In the data below, begin at the line with "G 104 Collection" and stop after the line with "New York City"; output those lines exactly and no pictures.

Exercise material |
Segment Open
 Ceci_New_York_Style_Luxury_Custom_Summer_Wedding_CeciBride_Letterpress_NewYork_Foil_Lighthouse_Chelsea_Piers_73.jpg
Segment Closed
Segment Open
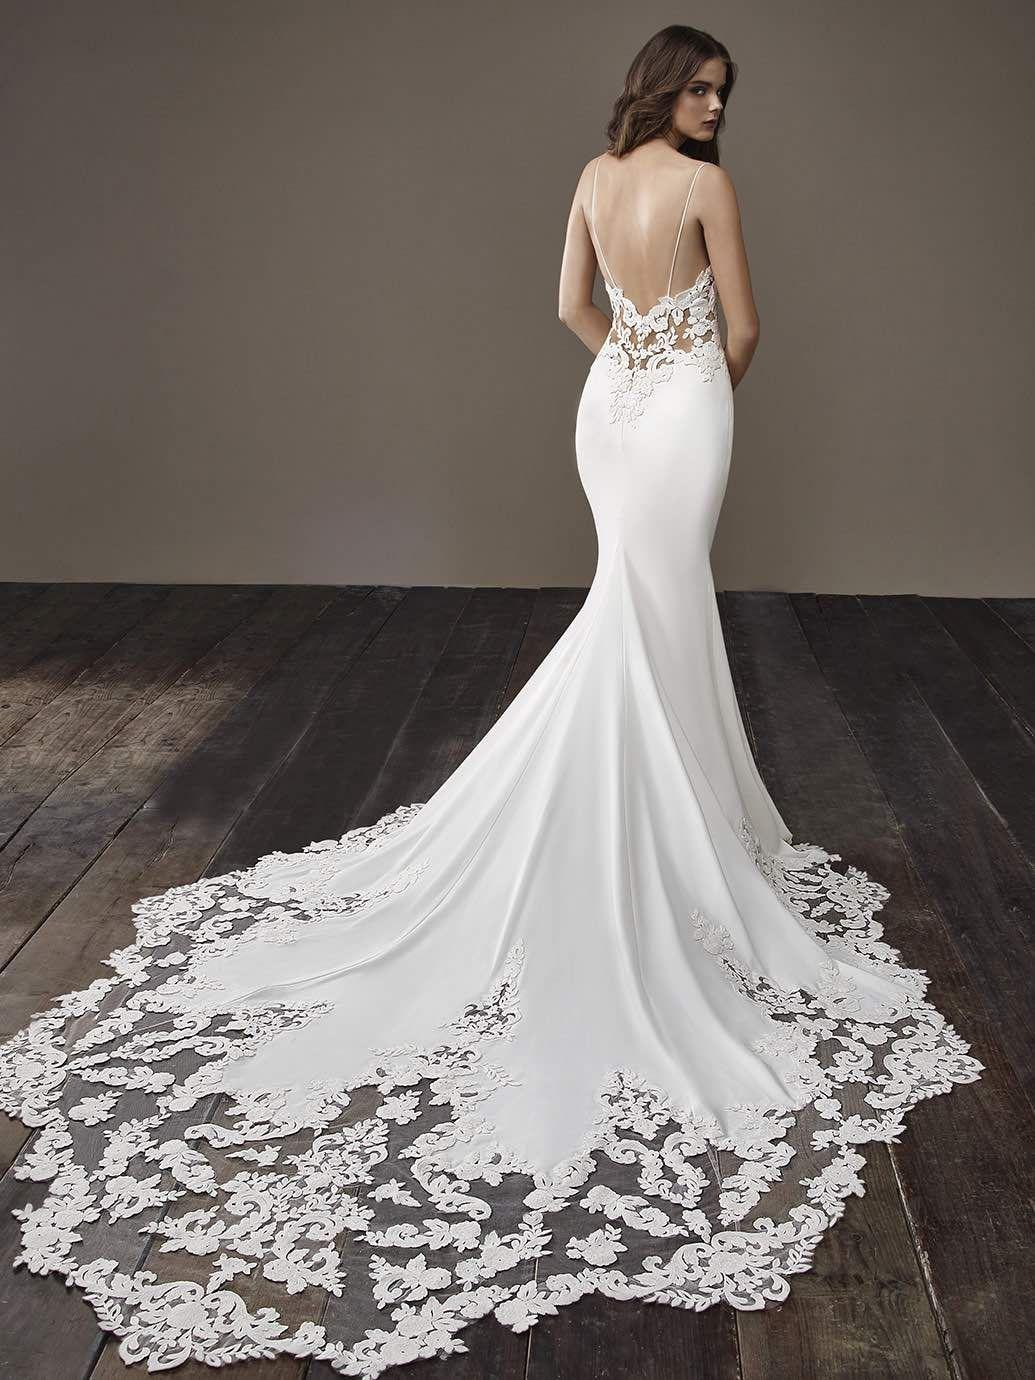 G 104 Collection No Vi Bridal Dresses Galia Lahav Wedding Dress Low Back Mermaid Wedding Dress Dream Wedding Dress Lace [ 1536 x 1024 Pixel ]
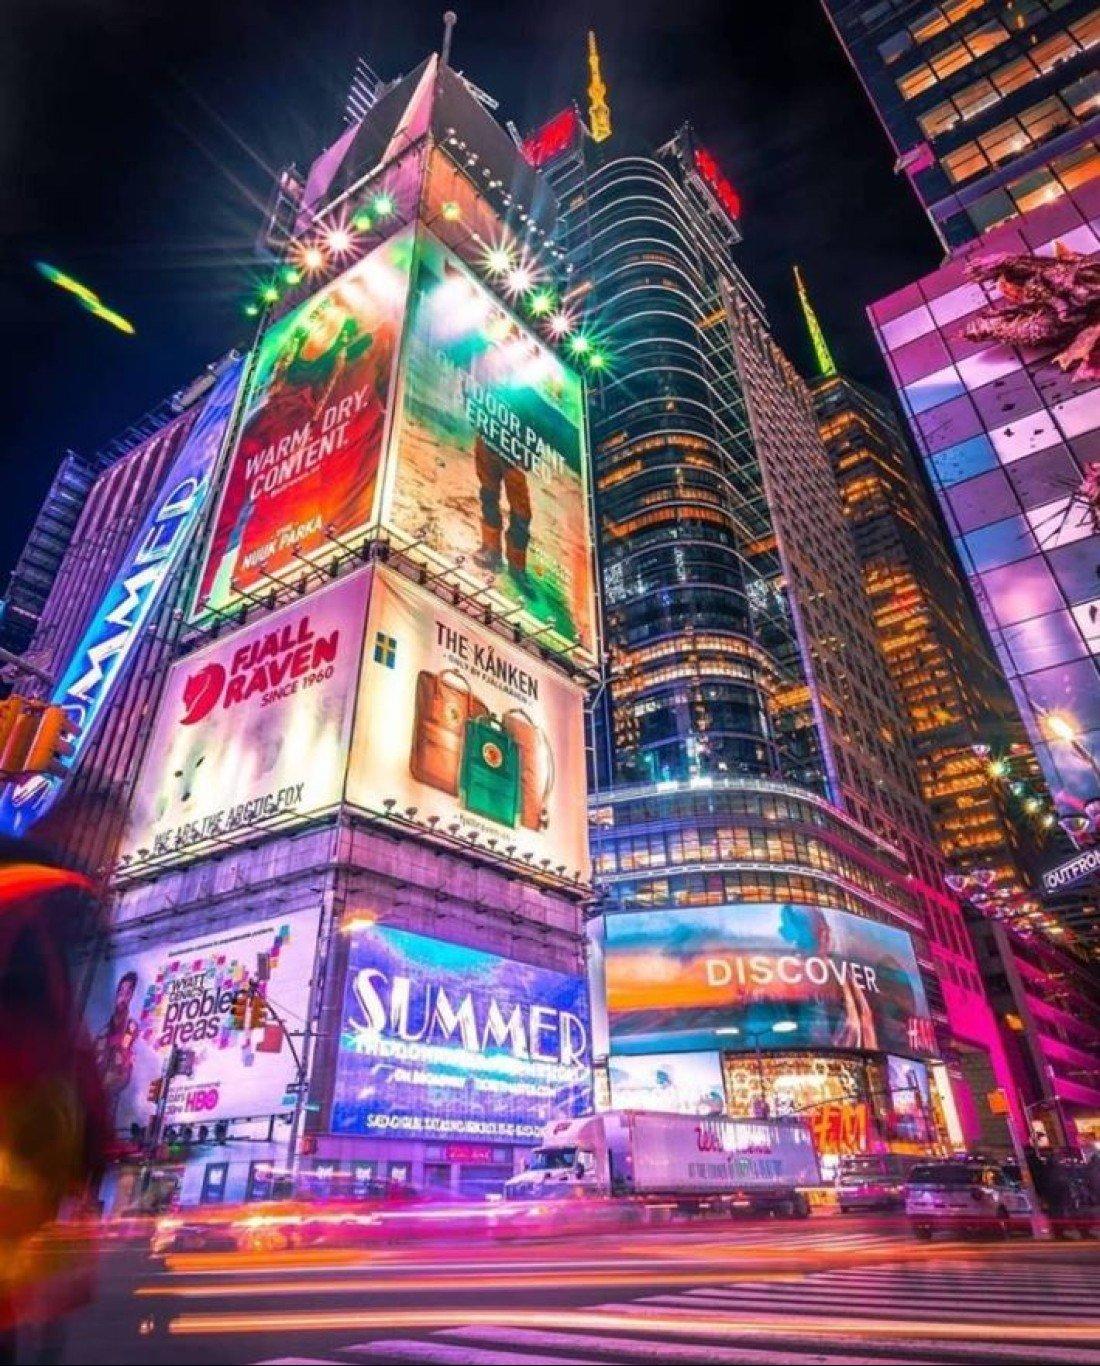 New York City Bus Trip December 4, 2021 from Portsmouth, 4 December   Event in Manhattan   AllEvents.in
Segment Closed
Segment Open
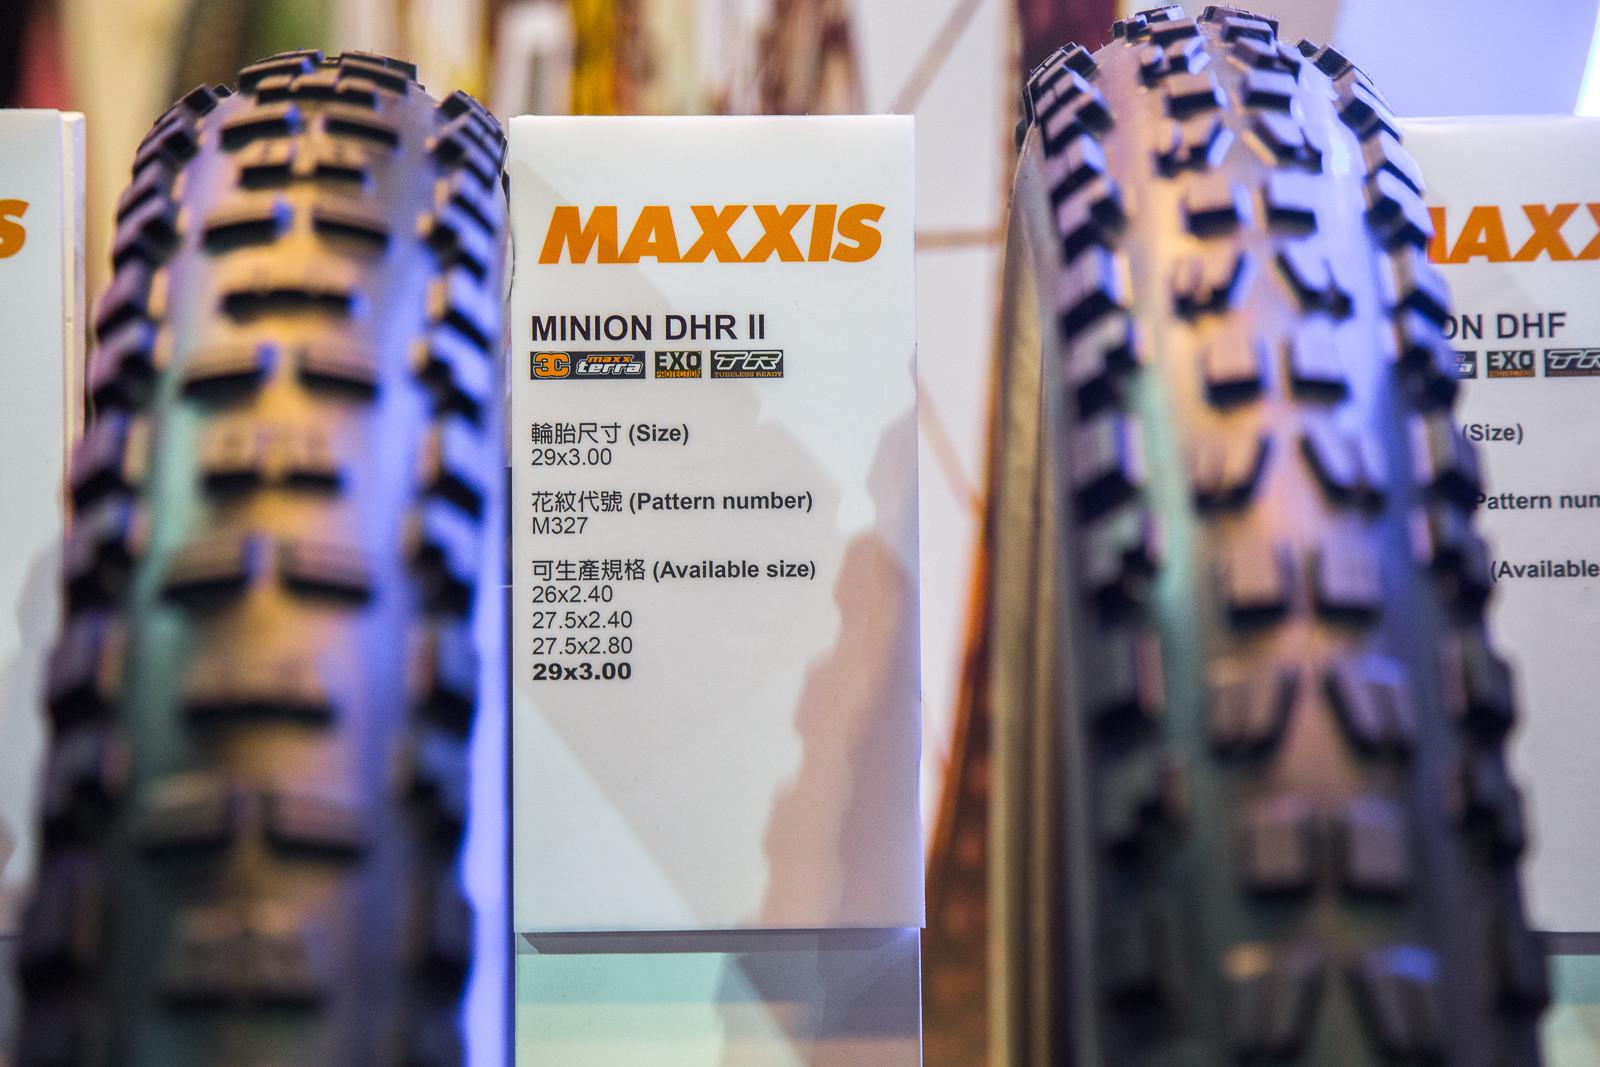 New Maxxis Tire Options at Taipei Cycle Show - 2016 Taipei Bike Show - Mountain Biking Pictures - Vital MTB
Segment Closed
Answer for the task |
 G 104 Collection No Vi Bridal Dresses Galia Lahav Wedding Dress Low Back Mermaid Wedding Dress Dream Wedding Dress Lace [ 1536 x 1024 Pixel ]
 New York City Bus Trip December 4, 2021 from Portsmouth, 4 December   Event in Manhattan   AllEvents.in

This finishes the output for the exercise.